### The data
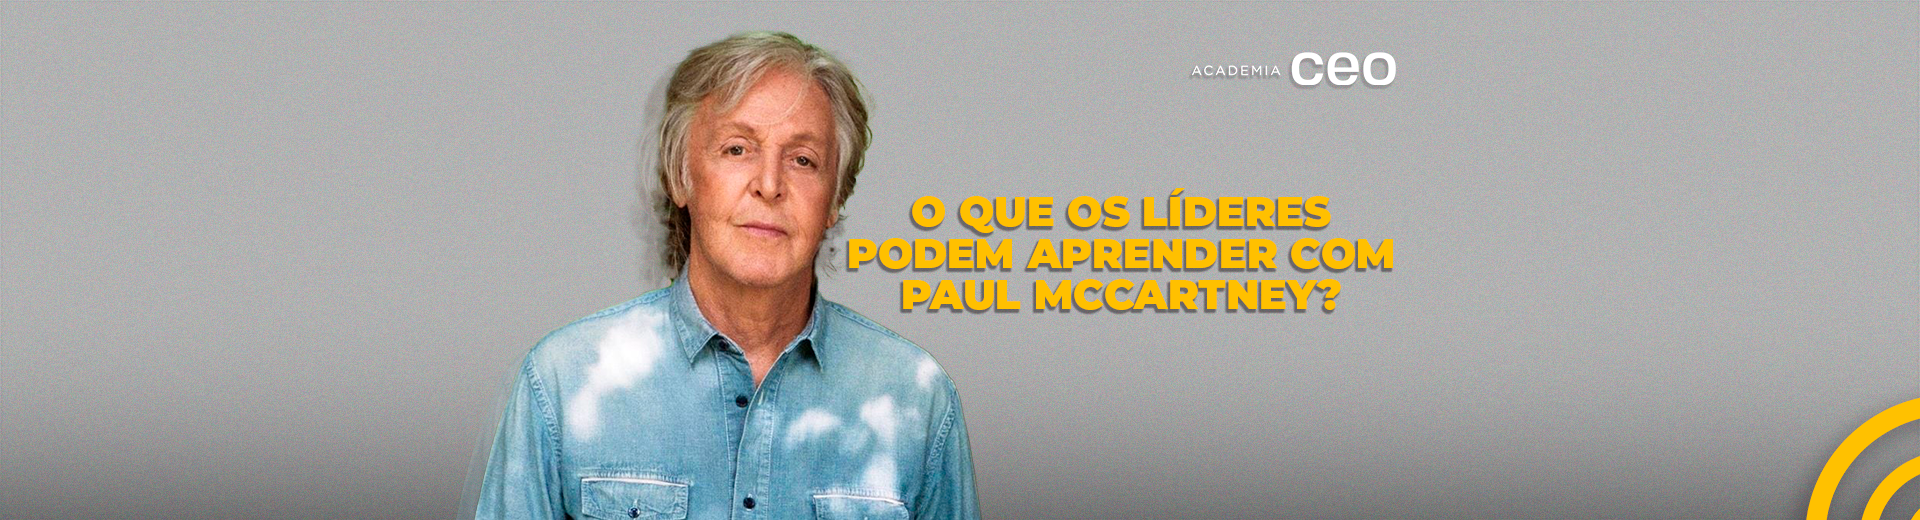 Fãs de Paul McCartney se preparam para a temporada de shows no Brasil
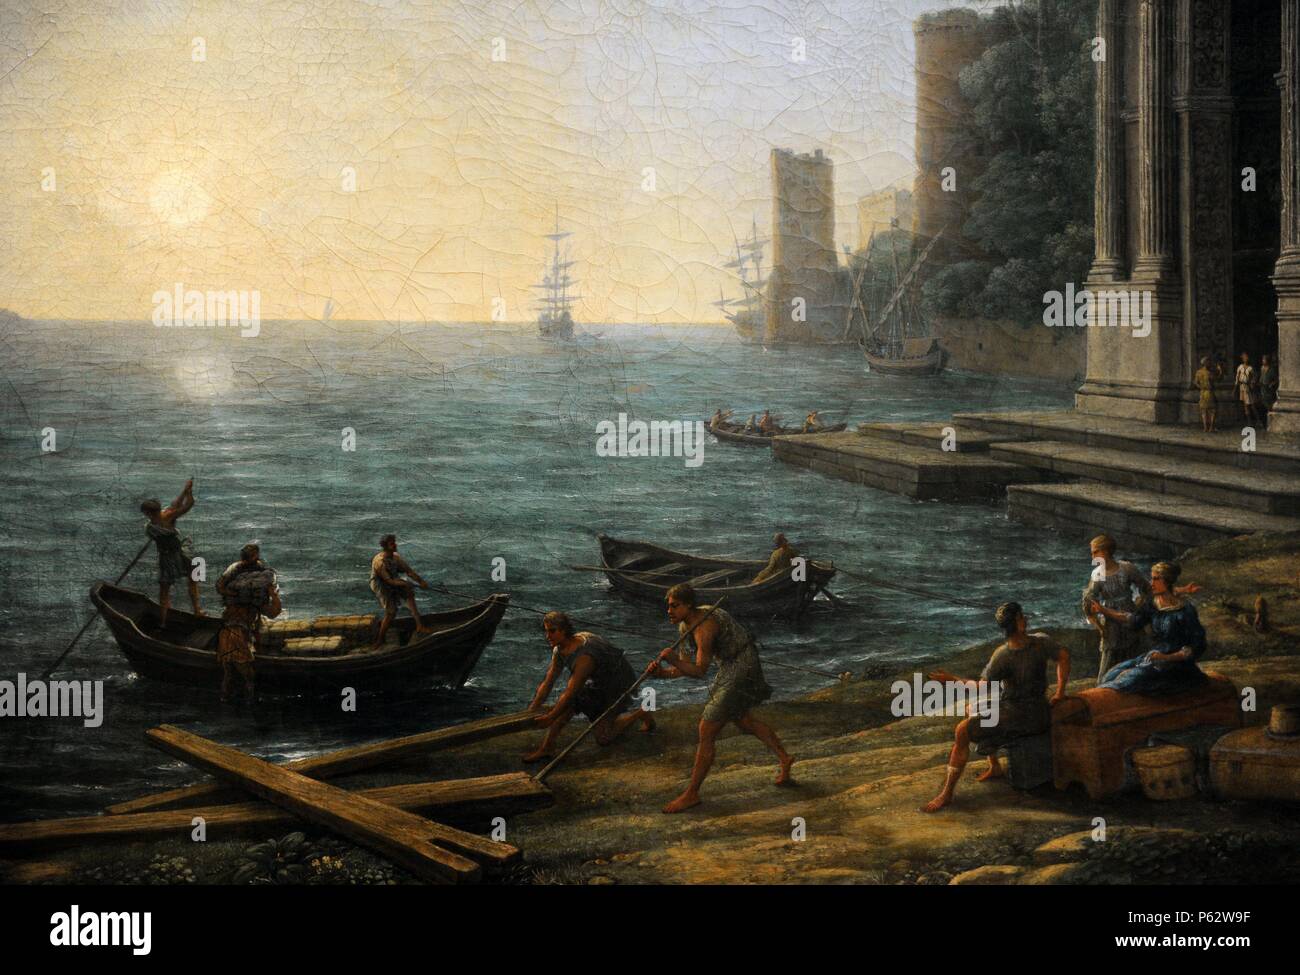 Claude Lorrain (1600-1682). Le peintre français. Port maritime à l'aube, 1674. Détail. L'Alte Pinakothek. Munich. L'Allemagne. Banque D'Images
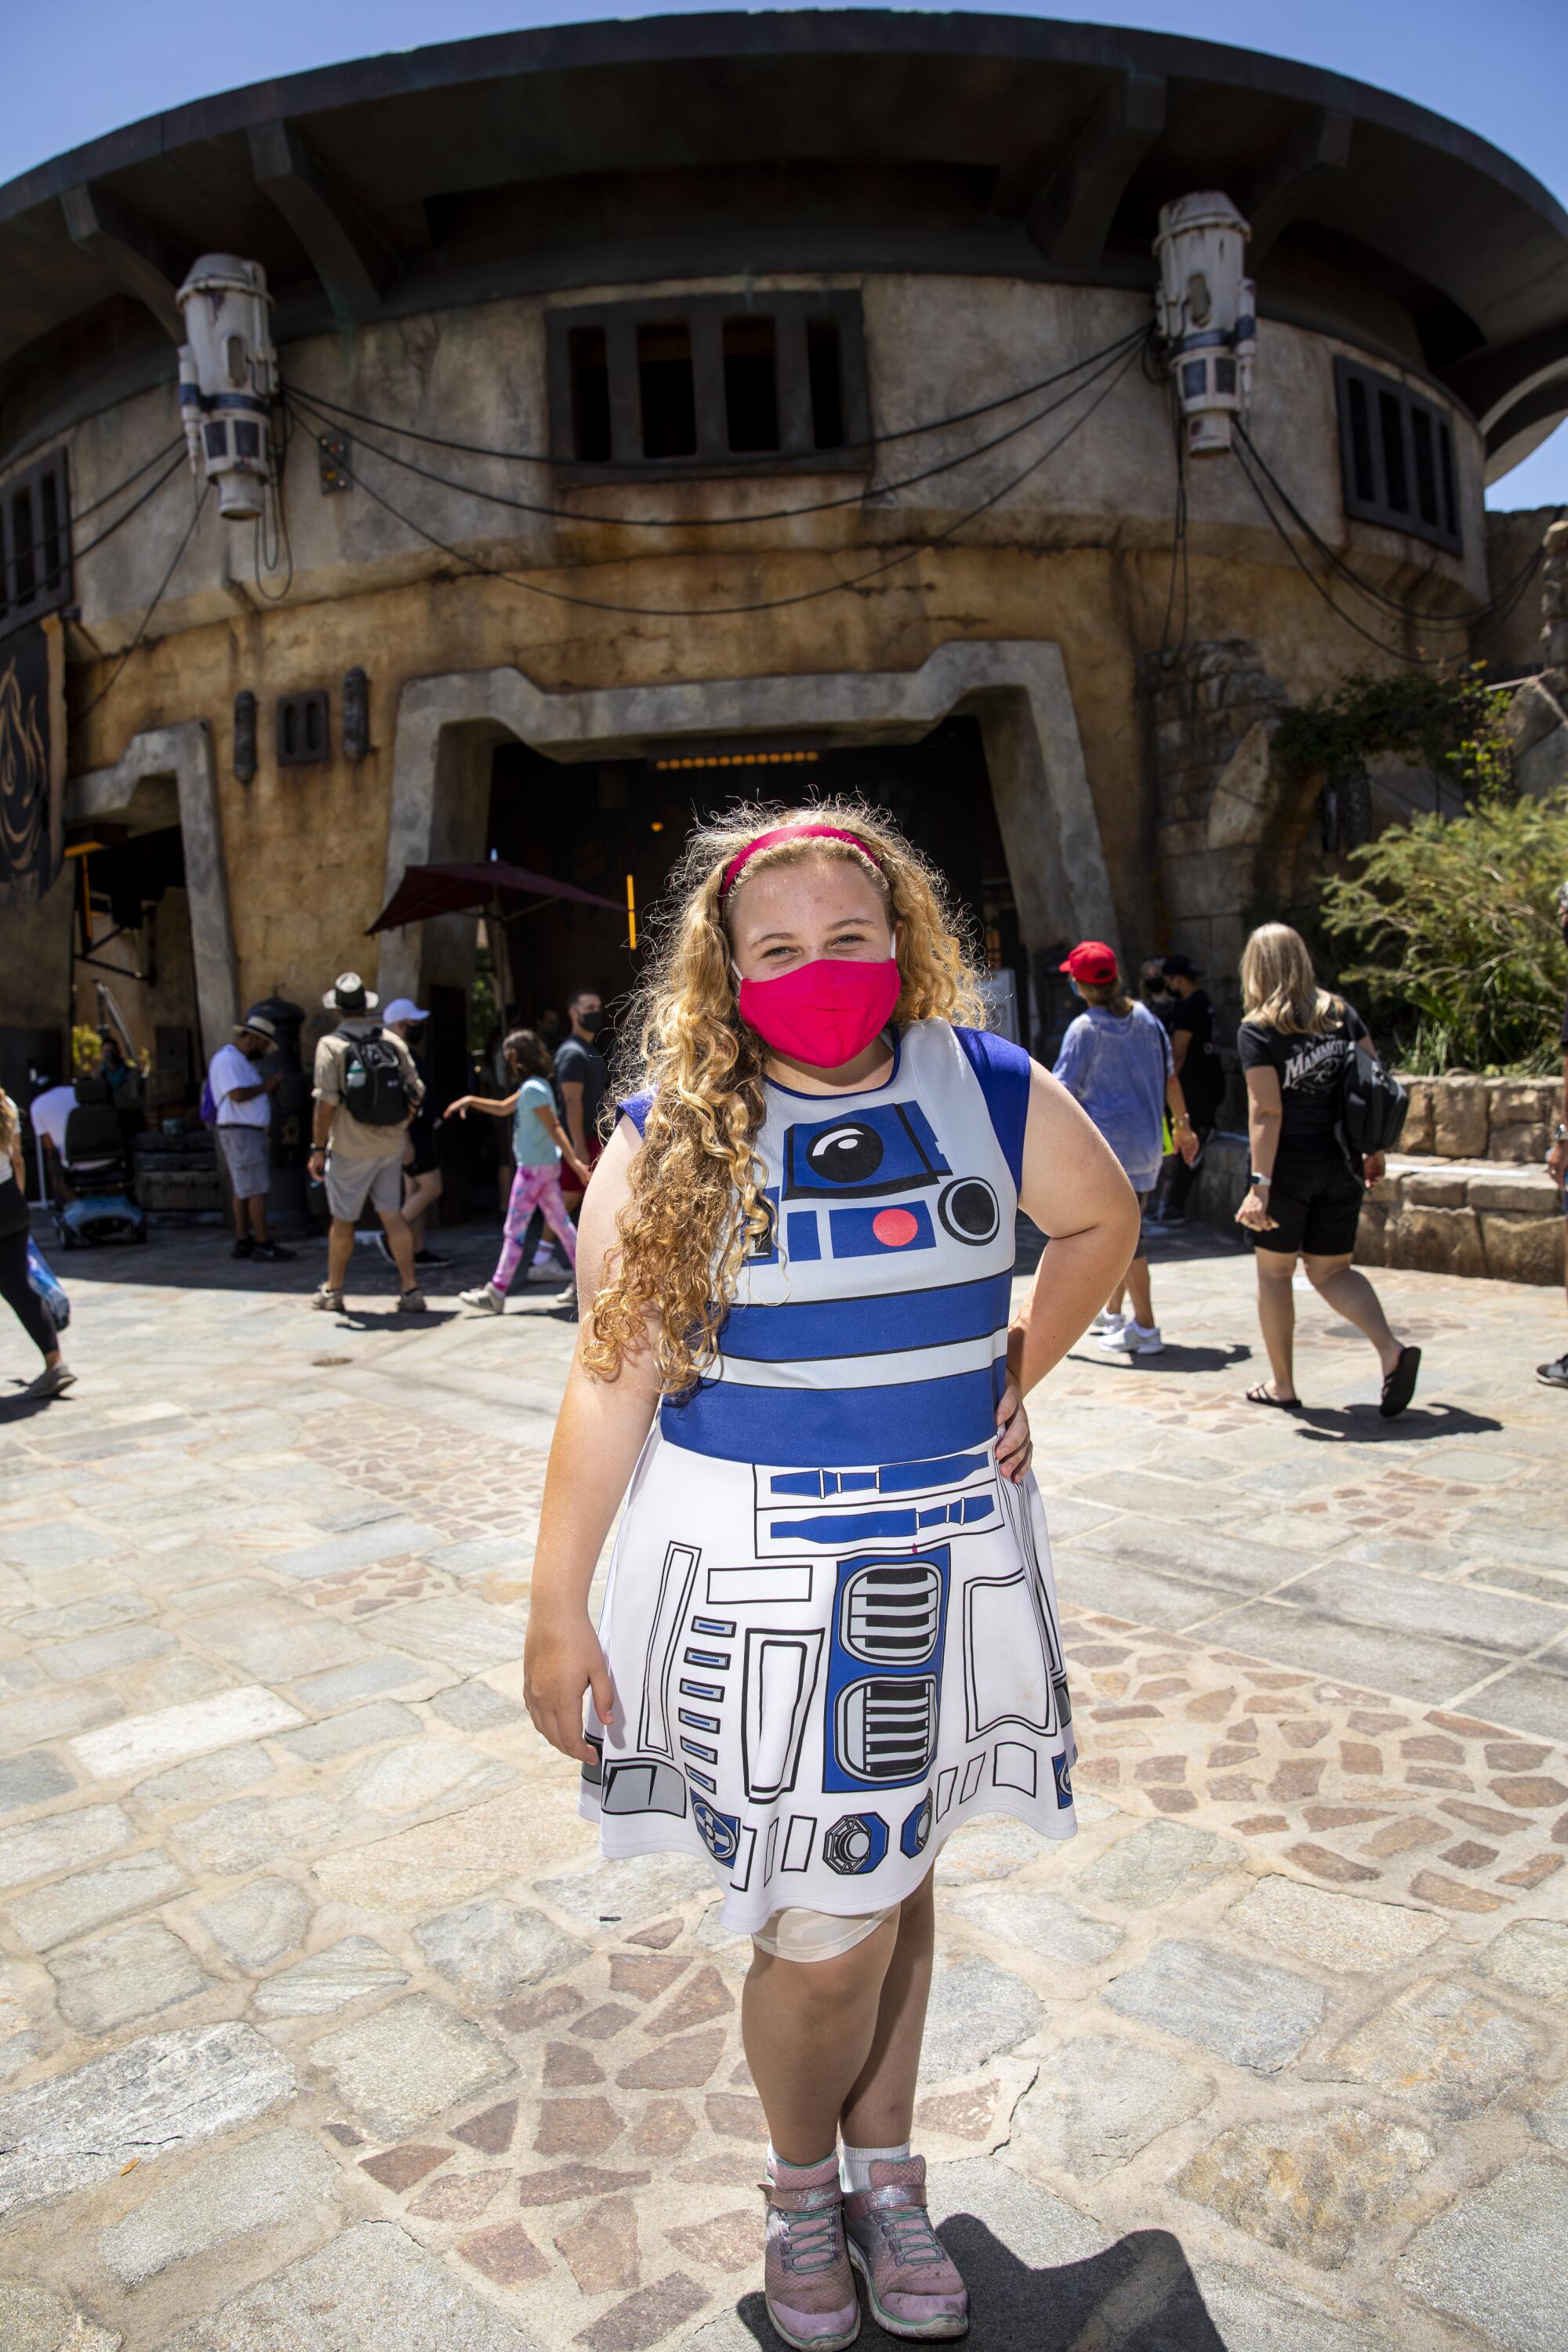 A woman wears a dress with an R2-D2 design.

### Your instructions
The reply should consist of the listing restated word for word, with its pictures removed.

### Worked solution
 Fãs de Paul McCartney se preparam para a temporada de shows no Brasil
 Claude Lorrain (1600-1682). Le peintre français. Port maritime à l'aube, 1674. Détail. L'Alte Pinakothek. Munich. L'Allemagne. Banque D'Images
 A woman wears a dress with an R2-D2 design.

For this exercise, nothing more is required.